#### DATA TO USE

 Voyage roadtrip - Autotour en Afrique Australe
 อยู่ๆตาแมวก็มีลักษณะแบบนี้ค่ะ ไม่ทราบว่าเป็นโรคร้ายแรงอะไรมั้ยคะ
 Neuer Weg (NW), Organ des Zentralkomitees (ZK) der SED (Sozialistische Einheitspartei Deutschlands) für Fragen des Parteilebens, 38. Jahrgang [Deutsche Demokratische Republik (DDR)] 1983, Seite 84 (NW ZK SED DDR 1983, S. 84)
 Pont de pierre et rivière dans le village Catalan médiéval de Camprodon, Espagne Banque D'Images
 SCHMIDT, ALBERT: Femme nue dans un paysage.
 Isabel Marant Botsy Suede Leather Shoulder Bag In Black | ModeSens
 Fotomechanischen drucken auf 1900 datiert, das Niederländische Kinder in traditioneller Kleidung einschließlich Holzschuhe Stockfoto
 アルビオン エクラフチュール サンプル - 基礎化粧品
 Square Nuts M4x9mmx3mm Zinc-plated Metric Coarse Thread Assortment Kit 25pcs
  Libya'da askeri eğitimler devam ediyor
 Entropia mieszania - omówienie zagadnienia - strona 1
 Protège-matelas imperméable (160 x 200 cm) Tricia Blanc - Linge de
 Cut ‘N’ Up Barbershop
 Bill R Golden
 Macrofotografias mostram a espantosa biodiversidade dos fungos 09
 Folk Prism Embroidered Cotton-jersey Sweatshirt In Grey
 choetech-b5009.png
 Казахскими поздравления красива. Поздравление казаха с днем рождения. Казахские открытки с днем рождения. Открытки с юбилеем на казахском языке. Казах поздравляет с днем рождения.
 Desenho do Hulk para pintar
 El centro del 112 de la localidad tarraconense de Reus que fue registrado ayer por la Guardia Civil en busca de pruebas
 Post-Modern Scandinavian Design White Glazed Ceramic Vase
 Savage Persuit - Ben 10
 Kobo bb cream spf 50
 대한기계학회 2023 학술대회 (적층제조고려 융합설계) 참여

########

WHAT YOU NEED TO DO - From the line containing "Kobo bb cream spf 50" down to the final line of the data, write out every line exactly; both the first and last of these belong in your answer, and nothing else does.

SOLUTION -
 Kobo bb cream spf 50
 대한기계학회 2023 학술대회 (적층제조고려 융합설계) 참여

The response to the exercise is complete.